# krcf
A Rust crate that provides a high-level API for the Random Cut Forest (RCF) algorithm, built on top of the `krcflib` library. This crate is designed to be used as a library in other Rust projects and serves as the core for the Python bindings.
## Features
- **Simple API:** A straightforward interface for creating, updating, and scoring with Random Cut Forests.
- **Configurable:** Easily configure the RCF with a wide range of options.

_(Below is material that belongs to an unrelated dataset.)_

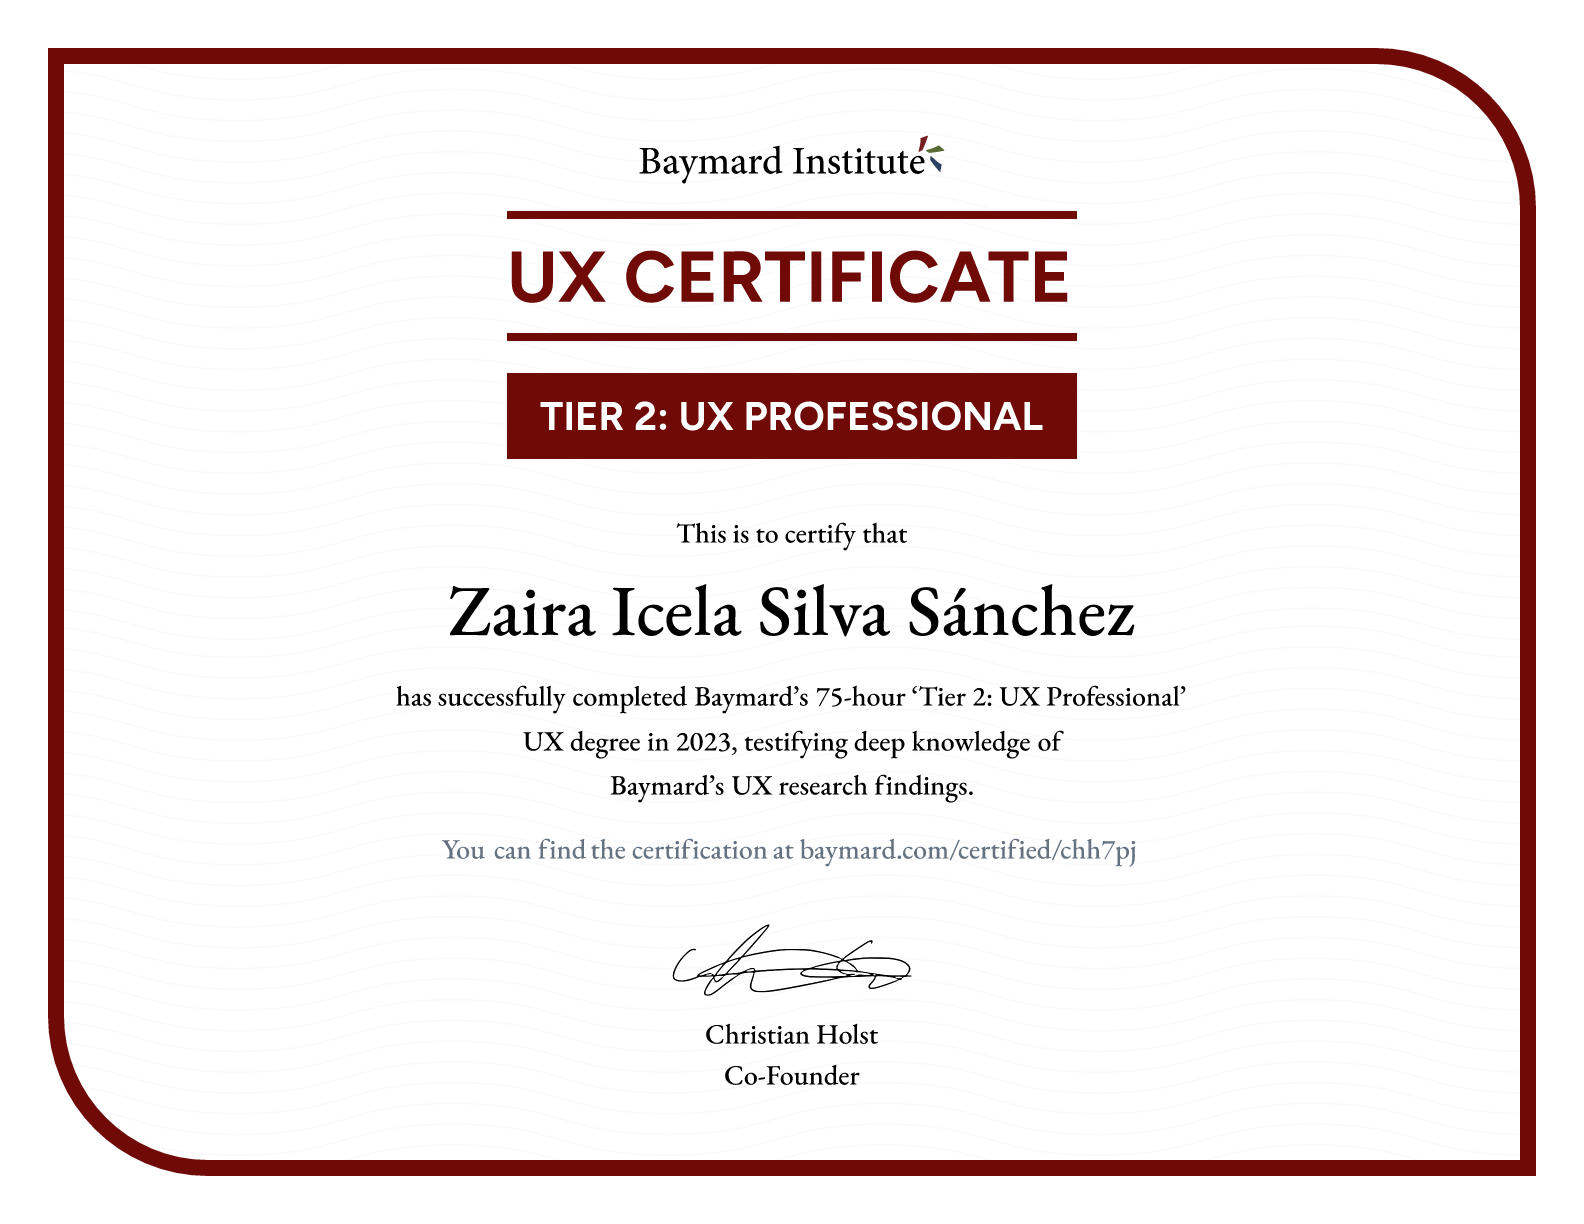 Zaira Icela Silva Sánchez’s certificate
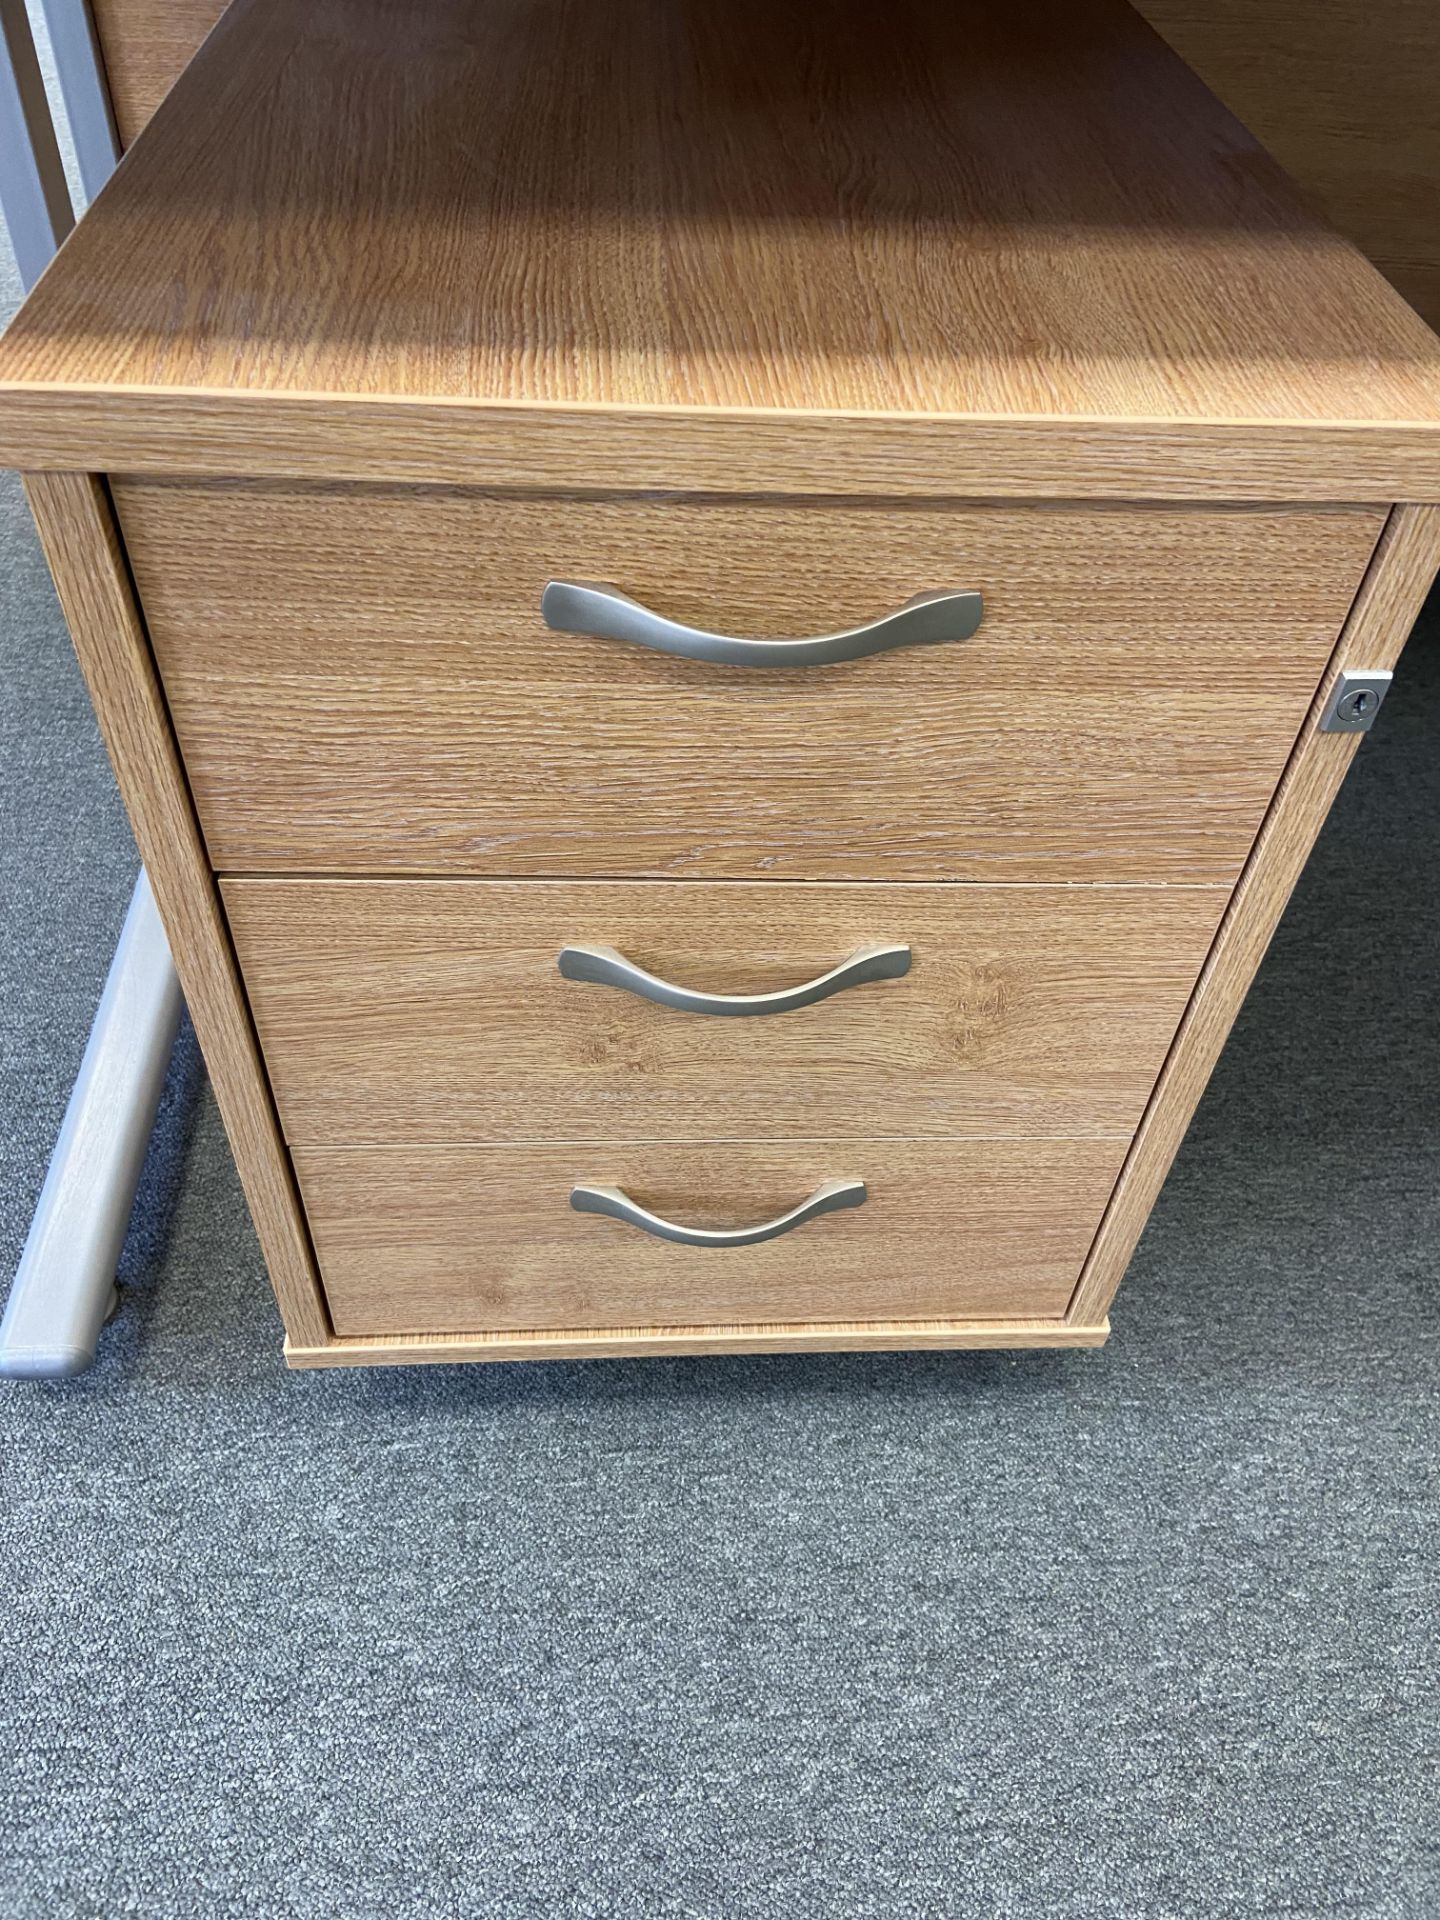 Lot comprisng: two rectangular desks & two 3 drawer mobile pedastals - Image 2 of 2

- **Serialization/Deserialization:** Support for serializing and deserializing RCF models using `serde`.
- **Comprehensive Functionality:** Exposes key RCF capabilities including anomaly scoring, displacement scores, attribution, density estimation, and forecasting.
## Usage
Add `krcf` to your `Cargo.toml`:
```toml
[dependencies]
krcf = "0.2.0" # Replace with the desired version
```
### Basic Example
Here's how you can use `krcf` to perform anomaly detection:
```rust
use krcf::{RandomCutForest, RandomCutForestOptions};
fn main() {
// 1. Configure the Random Cut Forest
let options = RandomCutForestOptions {
dimensions: 2,
shingle_size: 1,
num_trees: Some(30),
sample_size: Some(256),
random_seed: Some(42),
..Default::default()
};
// 2. Create a new RCF instance
let mut forest = RandomCutForest::new(options).expect("Failed to create RCF");
// 3. Update the forest with data points
forest.update(&[1.0, 1.5]).unwrap();
forest.update(&[1.2, 1.8]).unwrap();
forest.update(&[0.9, 1.6]).unwrap();
// 4. Score a new data point to detect anomalies
let point_to_score = &[10.0, -5.0];
let score = forest.score(point_to_score).unwrap();
println!("Anomaly score for {:?}: {}", point_to_score, score);
// A higher score suggests a higher likelihood of being an anomaly.
// For this example, the score will be high because the point is far from the initial cluster.
}
```
### API Reference
#### `RandomCutForestOptions`
A struct to configure the `RandomCutForest`.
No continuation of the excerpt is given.